TOPICS (Click to Navigate)

Pages

Monday, October 12, 2020

Data warehousing and mining quiz questions and answers set 01

Data warehousing and Data mining solved quiz questions and answers, multiple choice questions MCQ in data mining, questions and answers explained in data mining concepts, data warehouse exam questions, data mining mcq

Data Warehousing and Data Mining - MCQ Questions and Answers SET 01


1. In a data mining task when it is not clear about what type of patterns could be interesting, the data mining system should:

a) Perform all possible data mining tasks

b) Handle different granularities of data and patterns

c) Perform both descriptive and predictive tasks

d) Allow interaction with the user to guide the mining process

Answer: (d) Allow interaction with the user to guide the mining process  

Users have a good sense of which “direction” of mining may lead to interesting patterns and the “form” of the patterns or rules they want to find.
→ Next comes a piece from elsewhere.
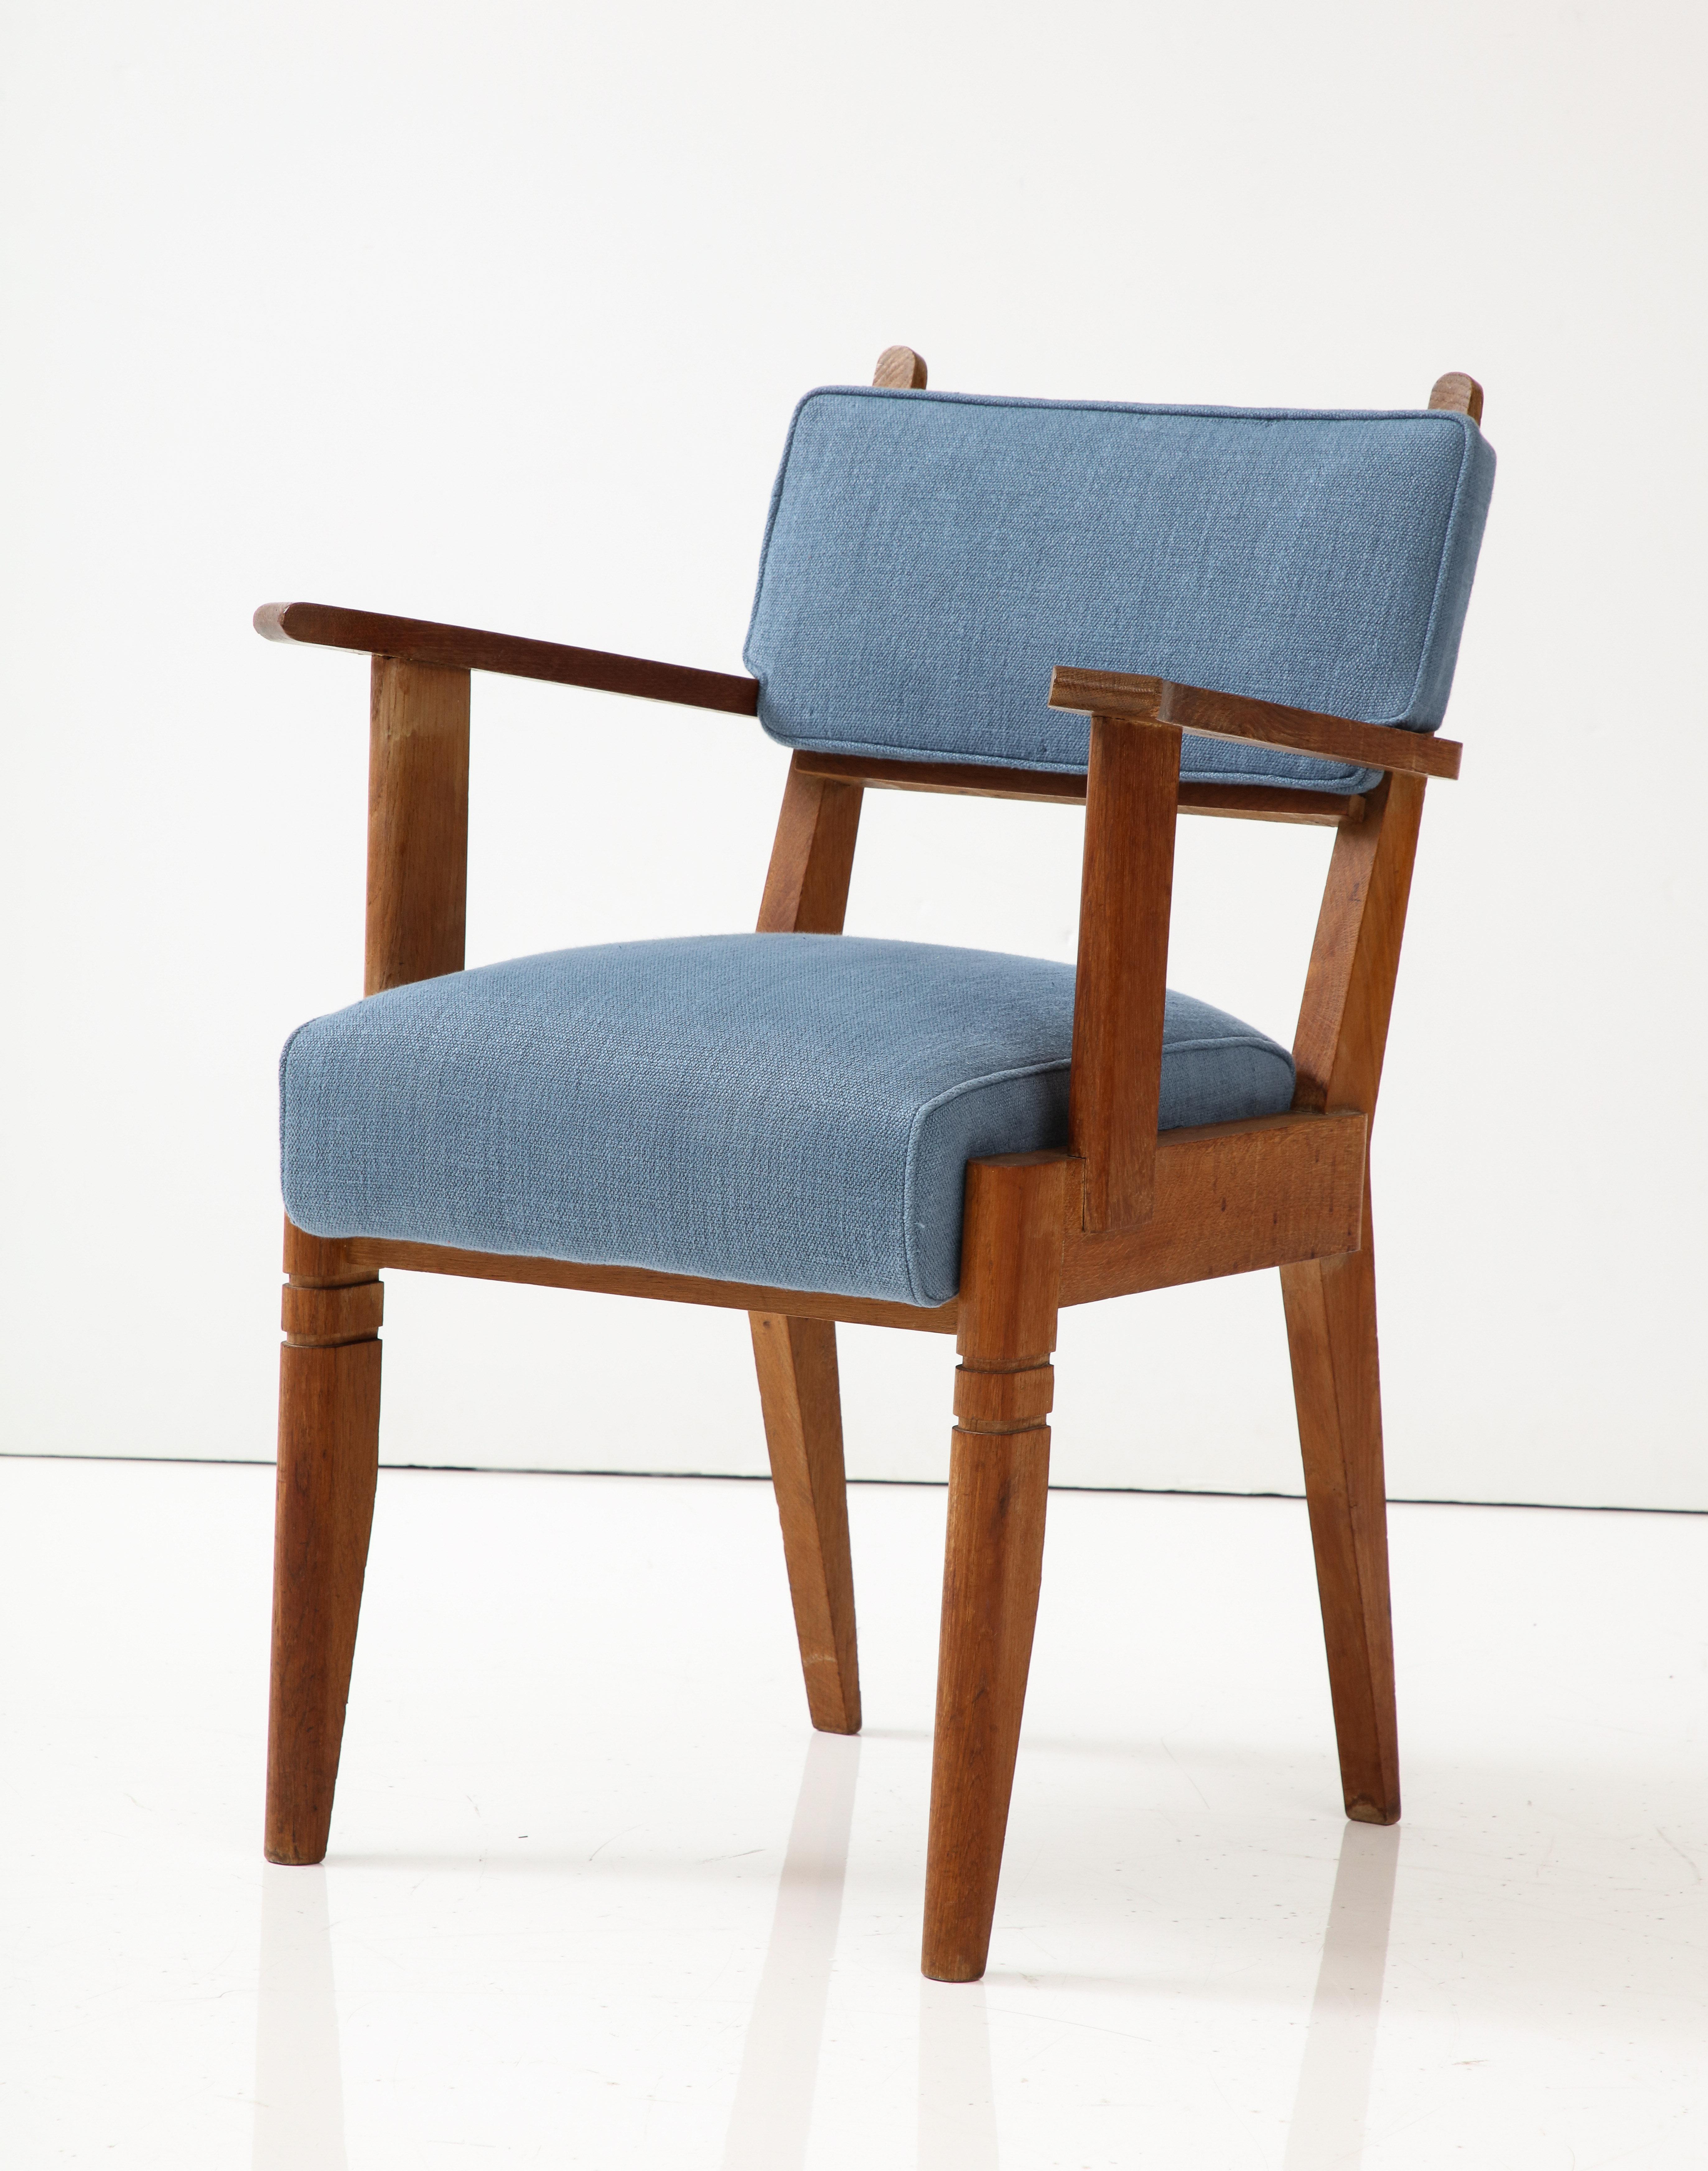 Zwei weitere Stühle sind mit einem rostroten Leinenstoff bezogen.

Eleganter, hoher Stuhl mit bequemer Polsterung und eleganten Linien. Neue Kissen mit blauen Leinenbezügen.

They may also have a sense of “conditions” for the rules, which would eliminate the discovery of certain rules that they know would not be of interest. Thus, a good heuristic is to have the users specify such intuition or expectations as constraints to confine the search space. This strategy is known as constraint-based mining.

 

2. To detect fraudulent usage of credit cards, the following data mining task should be used:

a) Feature selection

b) Prediction

c) Outlier analysis

d) All of the above

Answer: (c) Outlier analysis

Fraudulent usage of credit cards can be detected using outlier analysis or outlier detection.

Outlier

A data element that stands out from the rest of the data. The values that deviate from other observations on data are called outliers. In data distribution, they are not part of the pattern. Sometimes referred to as abnormalities, anomalies, or deviants, outliers can occur by chance in any given distribution.

Outlier analysis

The analysis used to find unusual patterns in a dataset. There are many outlier detection algorithms proposed under these broad categories; statistical based approaches, distance-based approaches, fuzzy approaches and kernel functions.

 

 

3. In high dimensional spaces, the distance between data points becomes meaningless because:

a) It becomes difficult to distinguish between the nearest and farthest neighbors

b) The nearest neighbor becomes unreachable

c) The data becomes sparse

d) There are many uncorrelated features

Answer: (a) It becomes difficult to distinguish between the nearest and farthest neighbors

Curse of dimensionality

The dimensionality curse phenomenon states that in high dimensional spaces distances between nearest and farthest points from query points become almost equal. Therefore, nearest neighbor calculations cannot discriminate candidate points.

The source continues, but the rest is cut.